To throw (or raise) an exception, use the raise keyword.

In [None]:
x = -1 #it gives an error

if x < 0:
  raise Exception("Sorry, no numbers below zero")

The raise keyword is used to raise an exception.

You can define what kind of error to raise, and the text to print to the user.

In [39]:
x = "hello" #it gives an error

if not type(x) is int:
  raise TypeError("Only integers are allowed")

TypeError: Only integers are allowed

Python User Input
User Input
Python allows for user input.

That means we are able to ask the user for input.

The method is a bit different in Python 3.6 than Python 2.7.

Python 3.6 uses the input() method.

Python 2.7 uses the raw_input() method.

The following example asks for the username, and when you entered the username, it gets printed on the screen:

In [None]:
username = input("Enter username: ")
print("Username is: " + username)
# Enter username:rima
# Username is: rima

Username is: 


Python String Formatting
F-String was introduced in Python 3.6, and is now the preferred way of formatting strings.

Before Python 3.6 we had to use the format() method.
F-Strings

F-string allows you to format selected parts of a string.

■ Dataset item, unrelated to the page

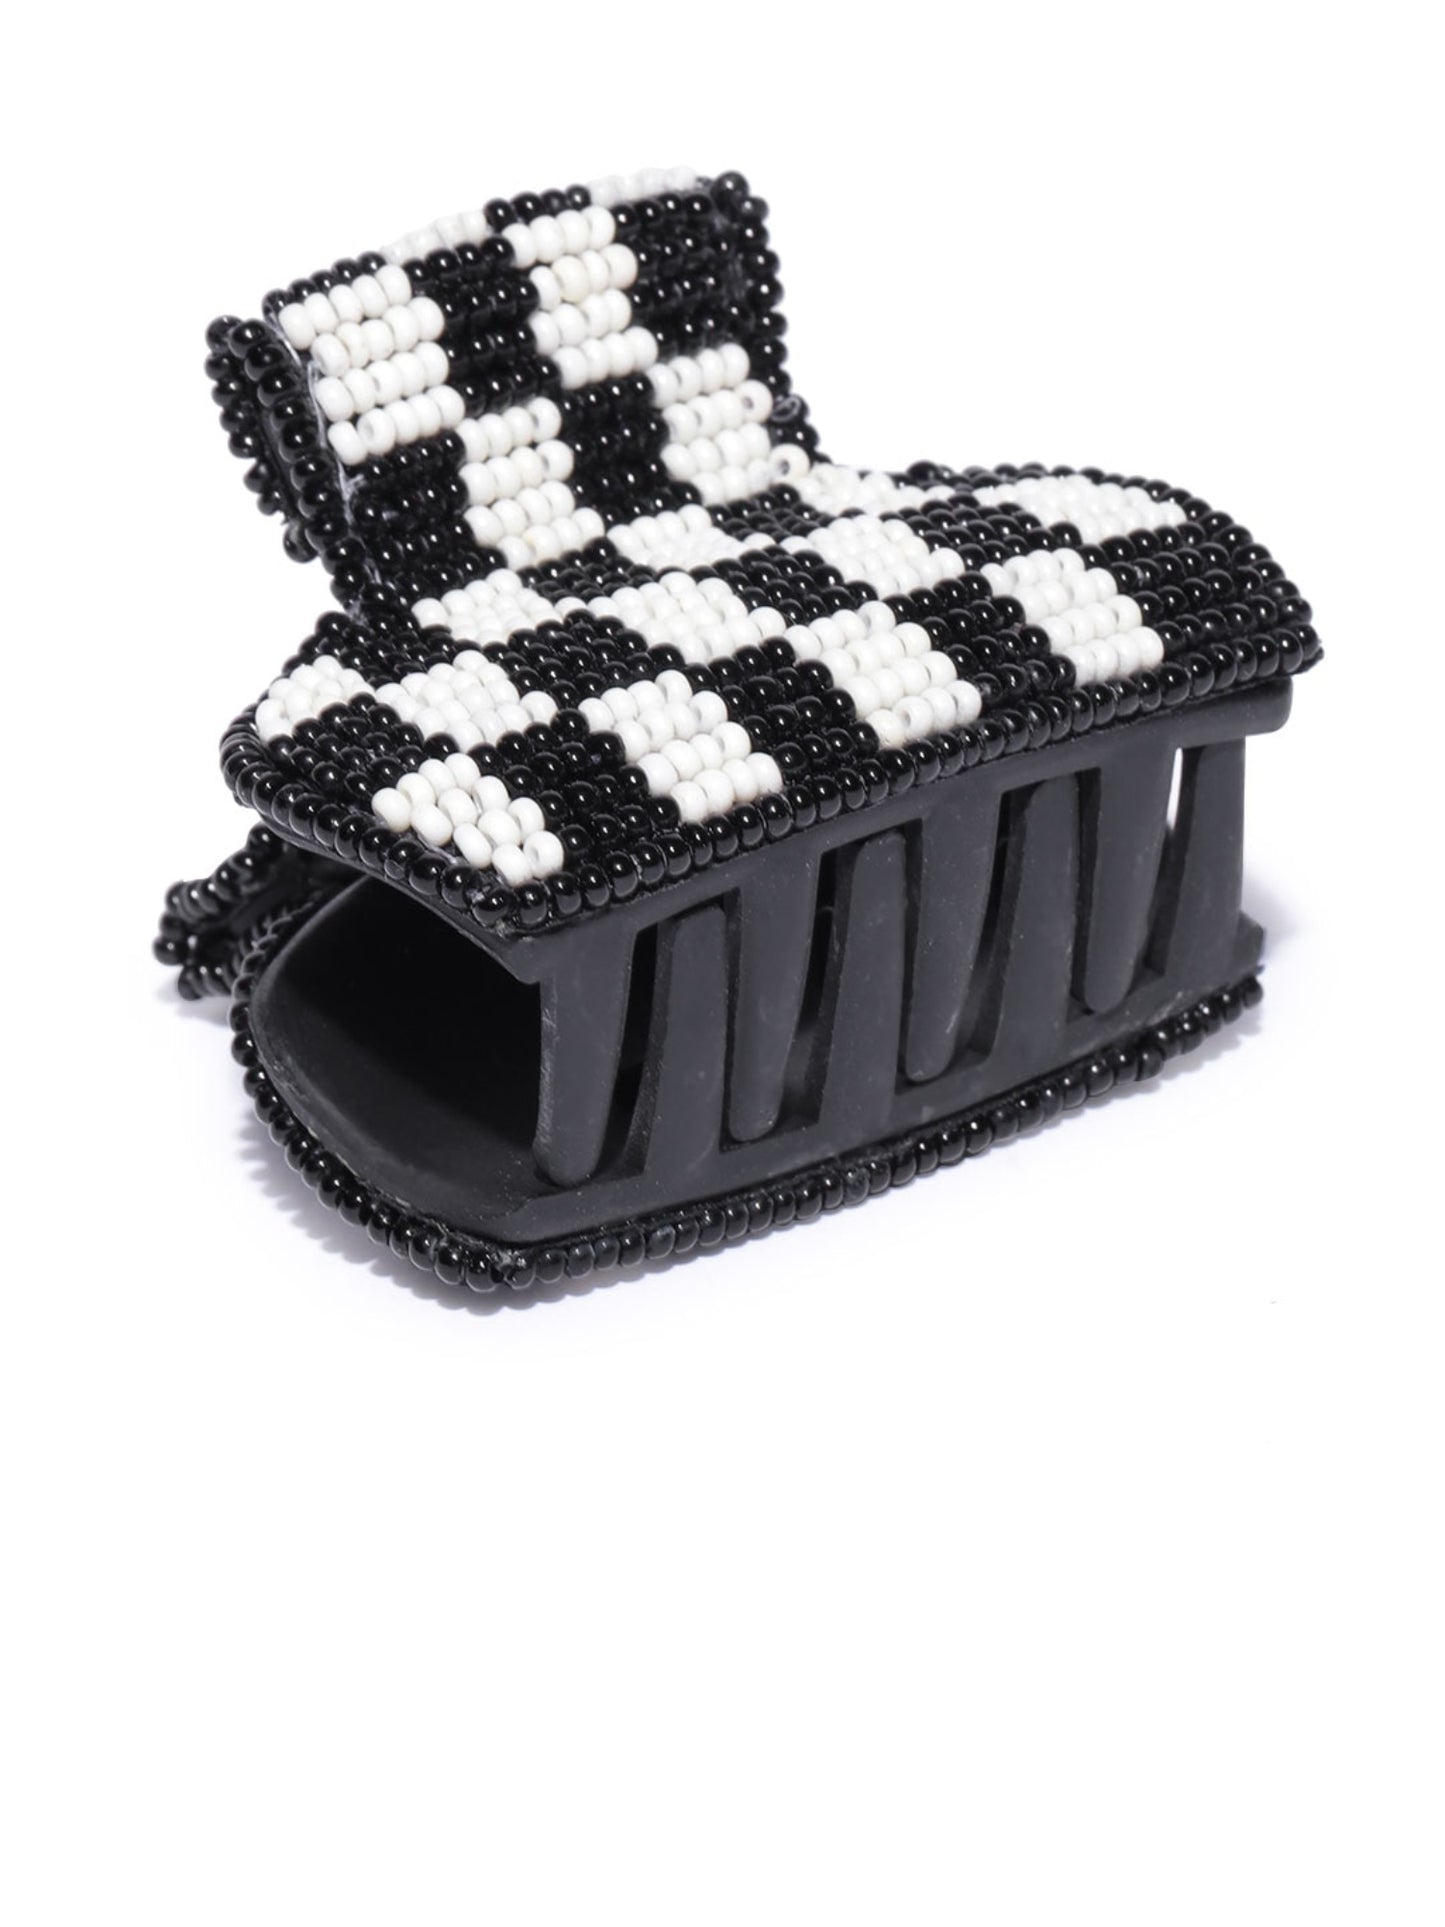 Blueberry Black and White bead embellished hair clutches

To specify a string as an f-string, simply put an f in front of the string literal, like this:

In [3]:
txt = f"The price is 49 dollars"
print(txt)

The price is 49 dollars


In [4]:
# Placeholders and Modifiers
# To format values in an f-string, add placeholders {}, a placeholder can contain variables, operations, functions, and modifiers to format the value.
# Add a placeholder for the price variable:

price = 59
txt = f"The price is {price} dollars"
print(txt)

The price is 59 dollars


In [5]:
# A placeholder can also include a modifier to format the value.

# A modifier is included by adding a colon : followed by a legal formatting type, like .2f which means fixed point number with 2 decimals:
# Display the price with 2 decimals:

price = 59
txt = f"The price is {price:.2f} dollars"
print(txt)

The price is 59.00 dollars


In [6]:
# You can also format a value directly without keeping it in a variable:
# Display the value 95 with 2 decimals:

txt = f"The price is {95:.2f} dollars"
print(txt)

The price is 95.00 dollars


In [7]:
# Perform Operations in F-Strings
# You can perform Python operations inside the placeholders.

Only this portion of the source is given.